> **Dataset extract**:

——

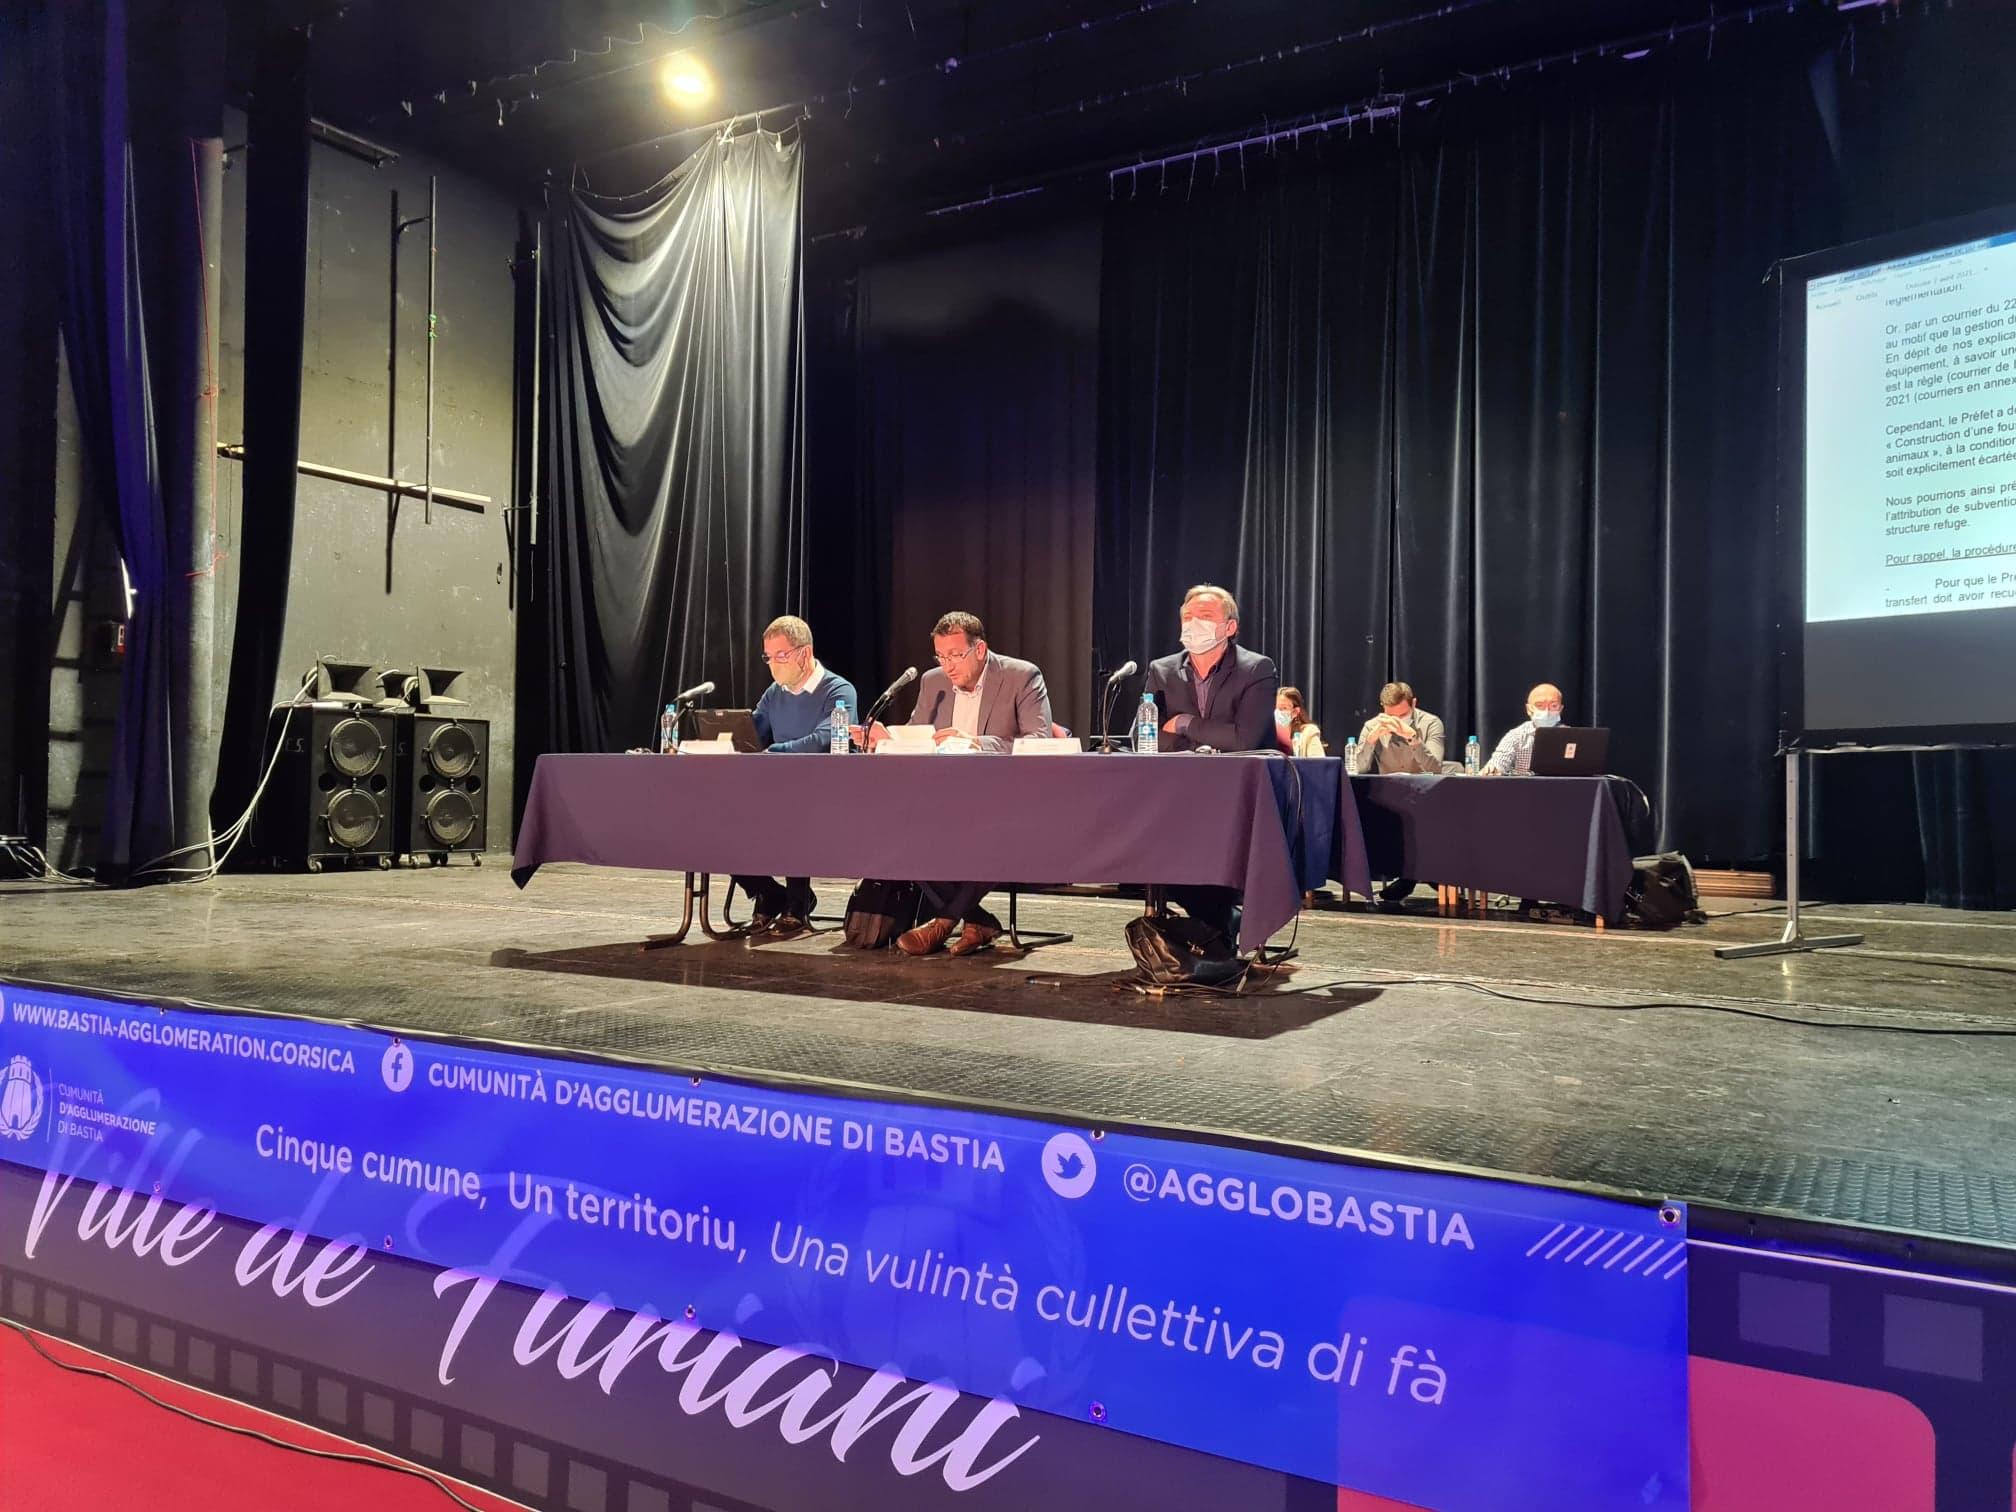 Le théâtre de Furiani a connu un débat enflammé entre la majorité communautaire et l'opposition lors du conseil communautaire de ce vendredi 2 avril 2021. Crédits Photo : Pierre-Manuel Pescetti
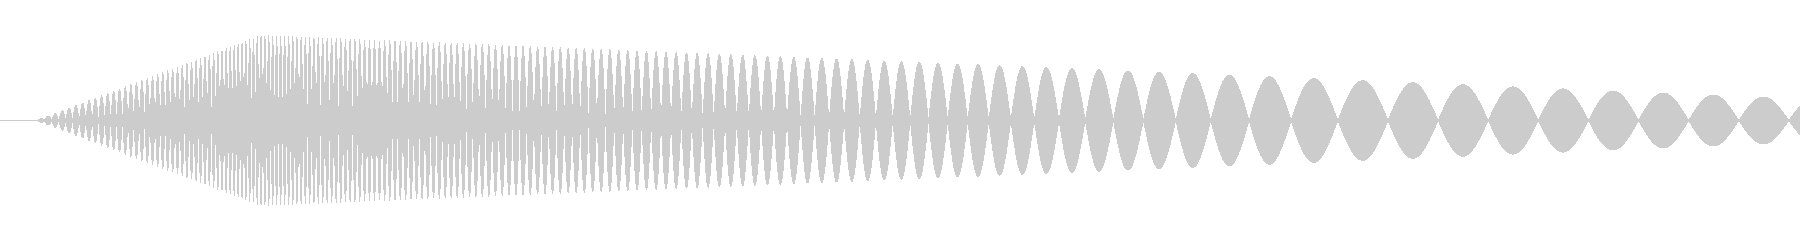 【コミカル】肉球・足音・スタンプ4の未再生の波形
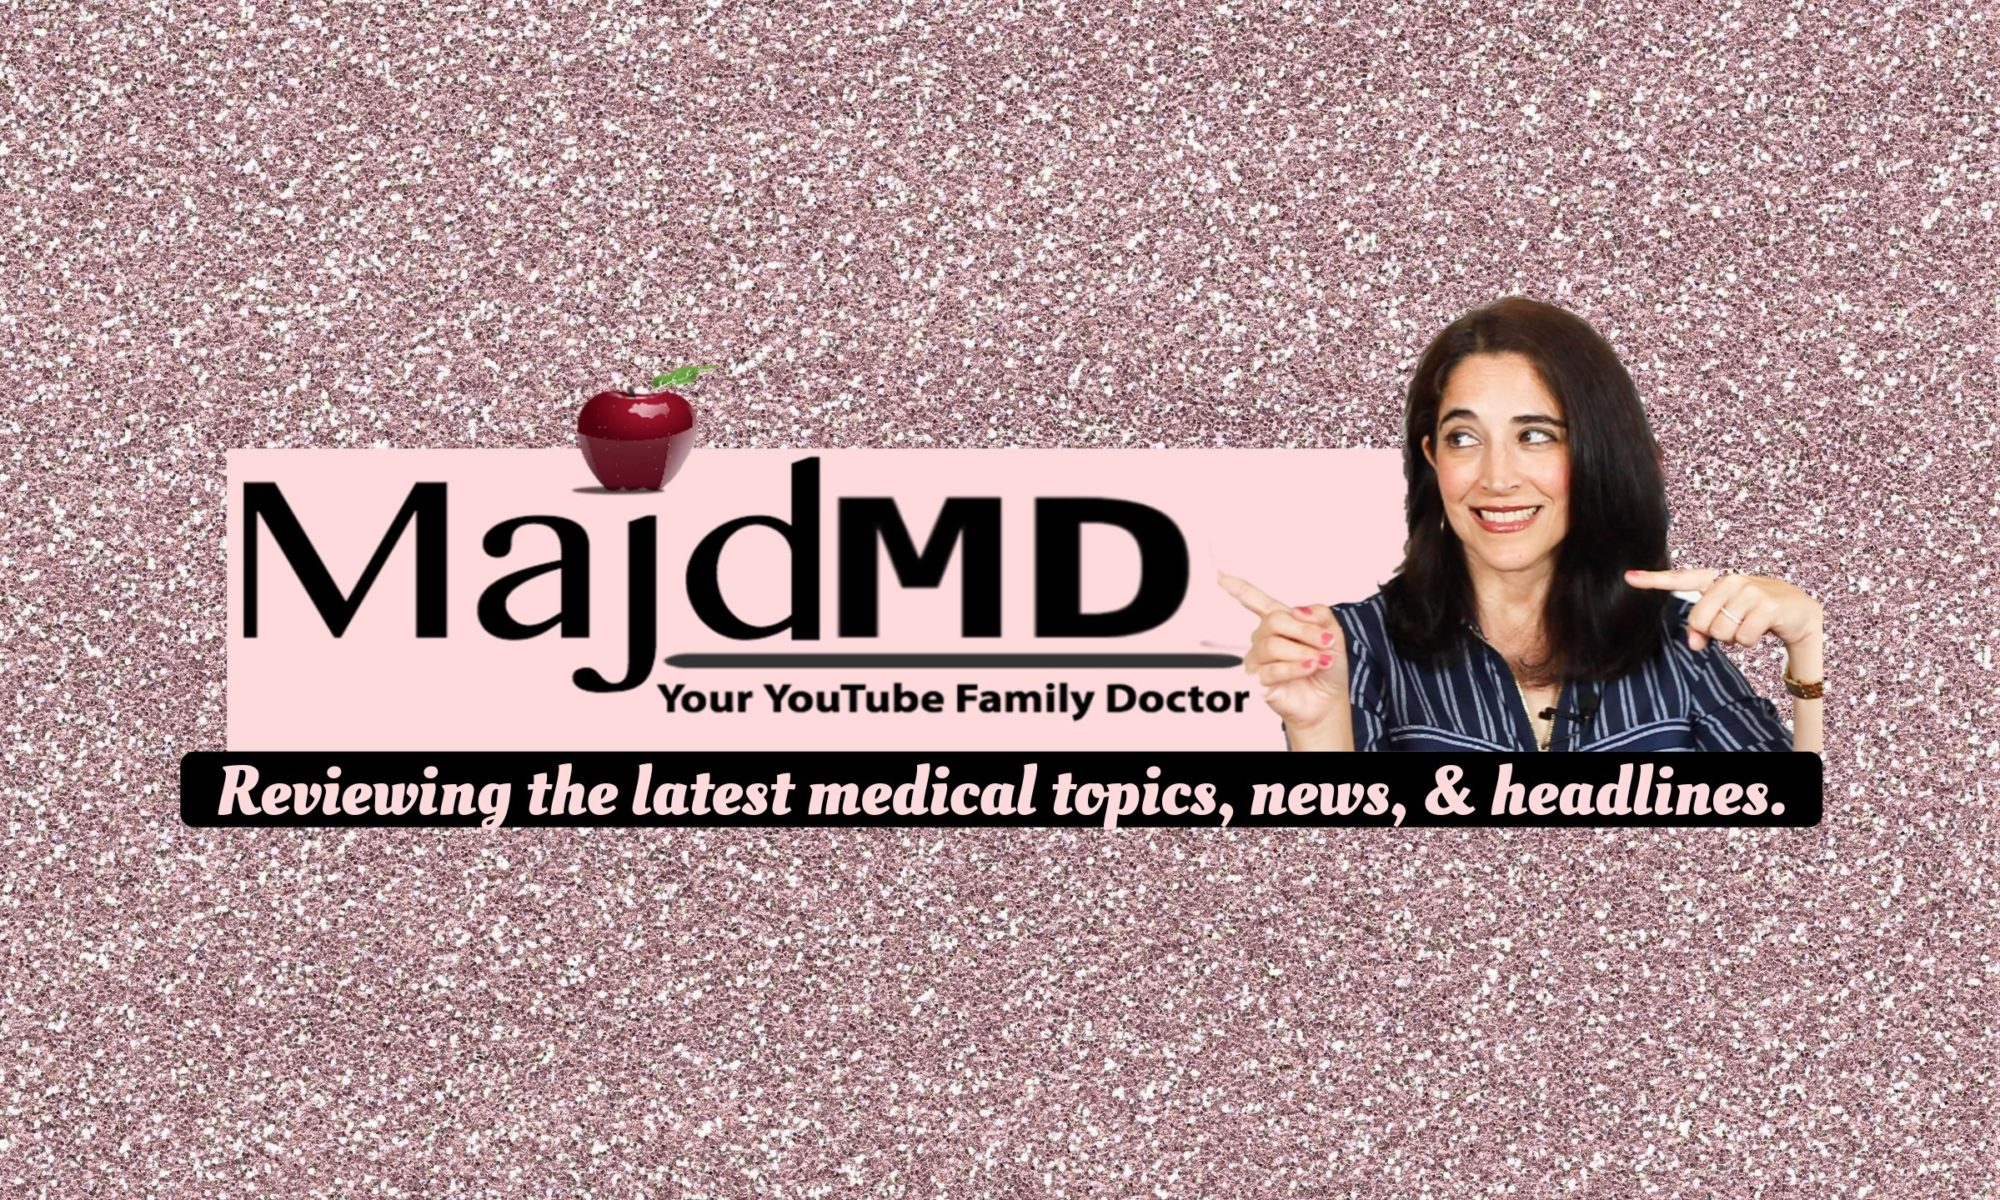 Majd MD

——

> **Task details**:
Repeat all of the material above exactly, leaving out pictures.

> **Task output**:
 Le théâtre de Furiani a connu un débat enflammé entre la majorité communautaire et l'opposition lors du conseil communautaire de ce vendredi 2 avril 2021. Crédits Photo : Pierre-Manuel Pescetti
 【コミカル】肉球・足音・スタンプ4の未再生の波形
 Majd MD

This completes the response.